You don’t really notice your kitchen equipment until something doesn’t heat right. Then suddenly the whole day’s off-balance. I’ve worked in spots where the ovens had minds of their own, burners hissed louder than the hood fan, and the toaster might as well have been a sun lamp.
The core question that keeps circling around your kitchen equipment: electric kitchen equipment or gas kitchen equipment – which side are you on?
You’ll hear both camps yelling across the prep table. But the answer? It’s not simple. It depends on your layout, your crew, your food, and your patience level.
What Makes Electric Worth It
Electric’s gotten better. Much better. I’ve used electric commercial kitchen equipment that holds heat tighter than gas and doesn’t flare up when grease hits the wrong spot.
Why electric gets the job done:
- You get cleaner lines and less clutter – no gas lines to trip over
- It’s easier to control heat when precision matters
- Feels safer in small setups or for newer cooks still learning the flow
There’s something to be said for how smooth electric cooking equipment runs.

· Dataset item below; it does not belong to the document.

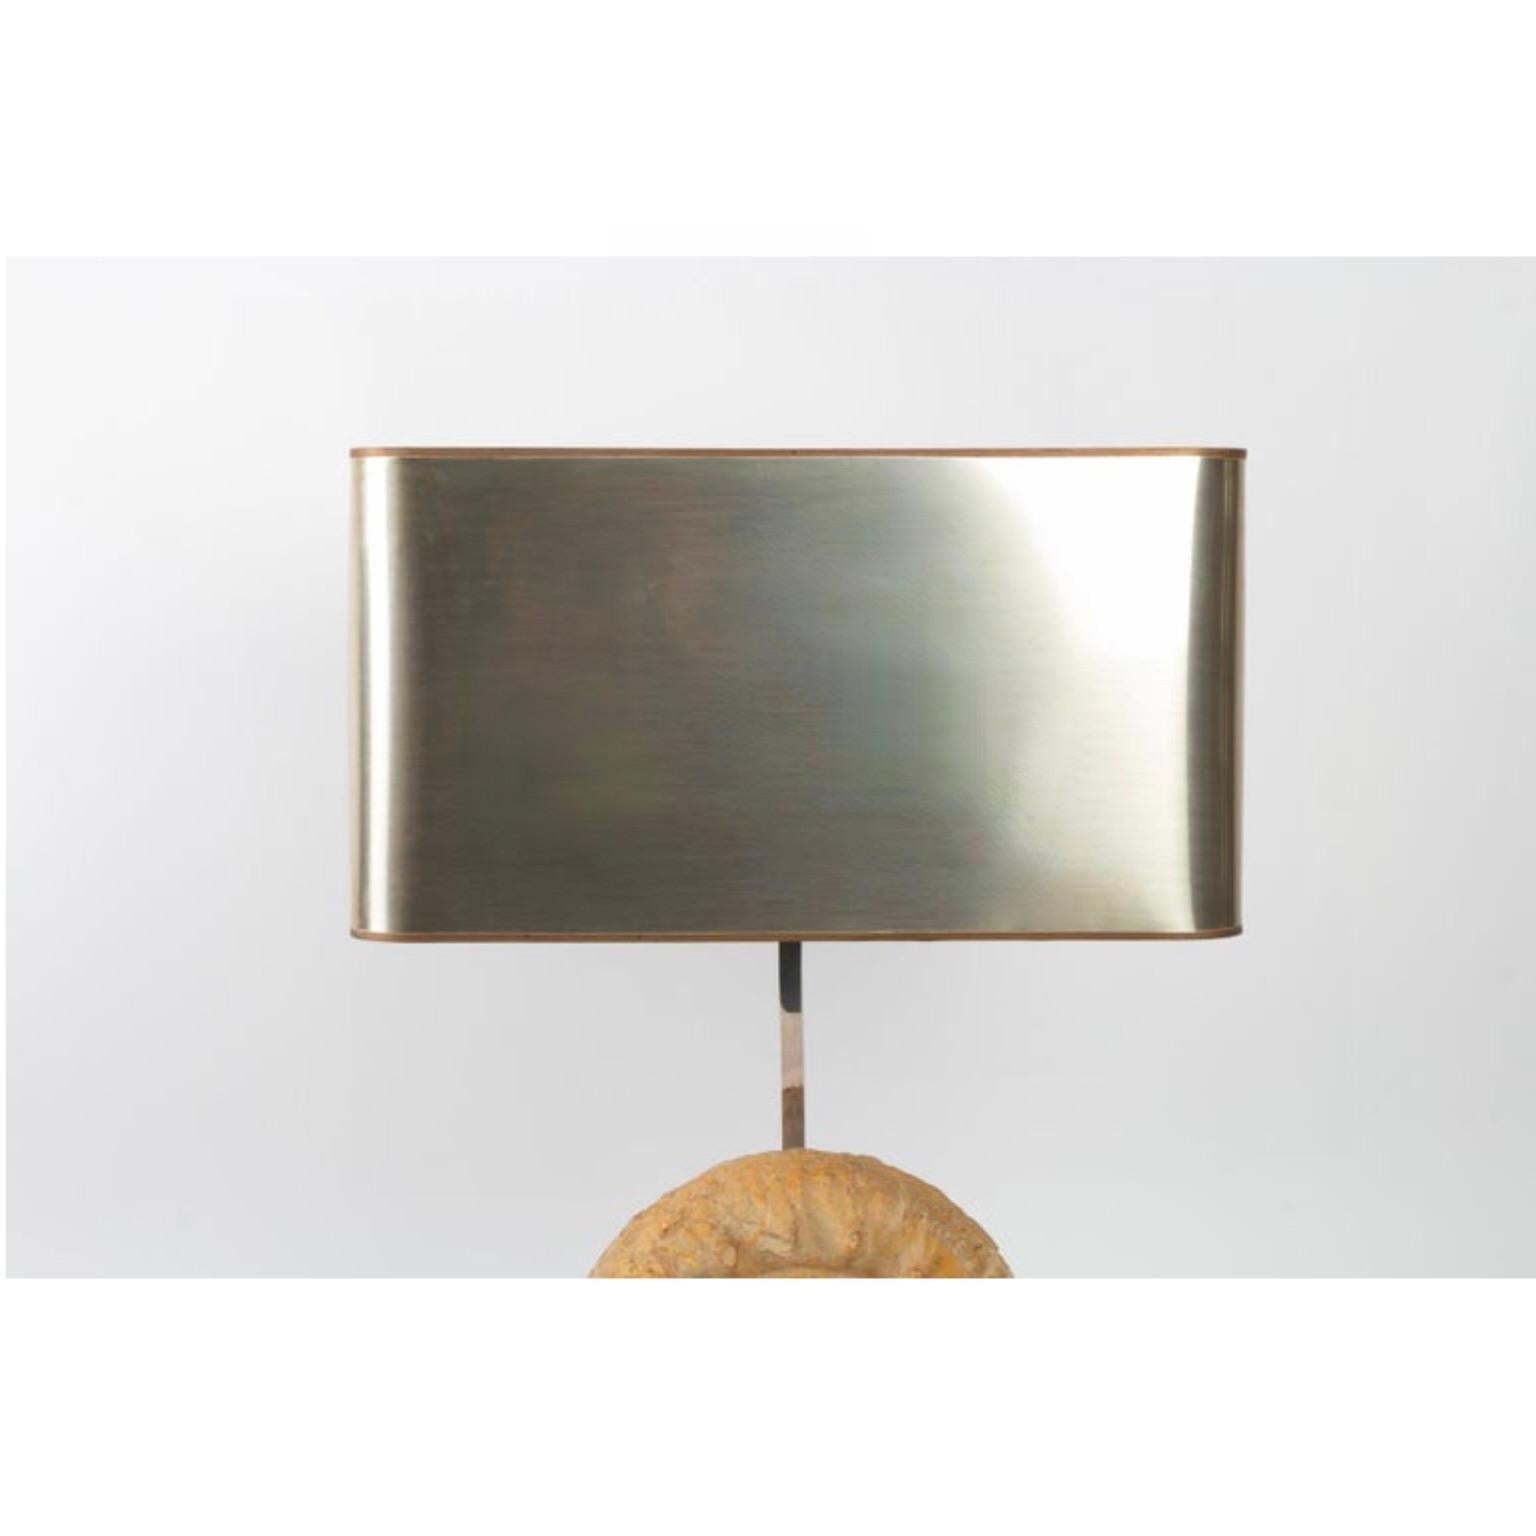 The base of the lamp of rectangular section is out of brushed silver plated steel on which is posed a beautiful fossilized ammonite.
A square section rod in silver plated metal passing at the back of the lamp on the base goes up to the top of the

No hissing. No flickering pilot lights. Just heat when you need it, exactly how you dialed it in.
The Loyalty to Gas Is Real
But here’s the flip side: gas is familiar. A gas burner tells you stories. The flame talks back. There’s something satisfying about cranking it up and seeing the fire react right away.
Why cooking gas equipment still wins over hearts:
- You get instant, visible heat – no guessing
- It reacts fast when things start moving too quickly
- Built to take a pounding during a brutal service window
Every time I use kitchen gas equipment, I know what to expect. There’s a rawness to it – no middleman between you and the fire.
But don’t forget the cleanup. The soot, the smell, the grease that collects behind and under. Gas needs attention. It needs airflow. It needs respect. You ignore a leak once, and you’ll never ignore it again.
You Can Mix, You Should Mix
There’s no rule that says pick one and stick with it. I’ve seen solid kitchens blend small electrical kitchen equipment with heavy-duty gas lines, and the result is smooth.
Best setups balance both:
- Use electric where steadiness counts – ovens, warmers, fryers
- Keep gas for high-heat jobs – woks, grills, fast-sauté stations
- Lean into what your kitchen does best and choose gear to match that pace
If you’re cooking delicate pastries and roasted veg all day, maybe gas doesn’t help much. But if you’re throwing out charred meats, open flames are your best friend.
Before You Pick a Side
Think through the details. What’s your service like? How’s your staff moving around the space? Can your place even handle extra ventilation if you go gas-heavy?
It’s not about trends. It’s about the way your kitchen breathes.
The question isn’t “what’s better.” It’s “what works for us without burning the budget or the crew.”
Because if your electric cooking equipment can’t keep up, or your gas kitchen equipment makes the line feel like a furnace – you picked wrong. Doesn’t matter how shiny it looked in the catalog.
Last Thought Before You Call a Dealer
I’ve burned food on both. I’ve cursed at both. And I’ve made great dishes using both. The gear doesn’t make the food – you do. But having the right gear makes you faster, calmer, and less likely to snap mid-service.
Pick smart. Not loud. Let the food decide what heat it needs. Then build your kitchen to deliver that without making the crew miserable.
And always keep a backup toaster. Trust me.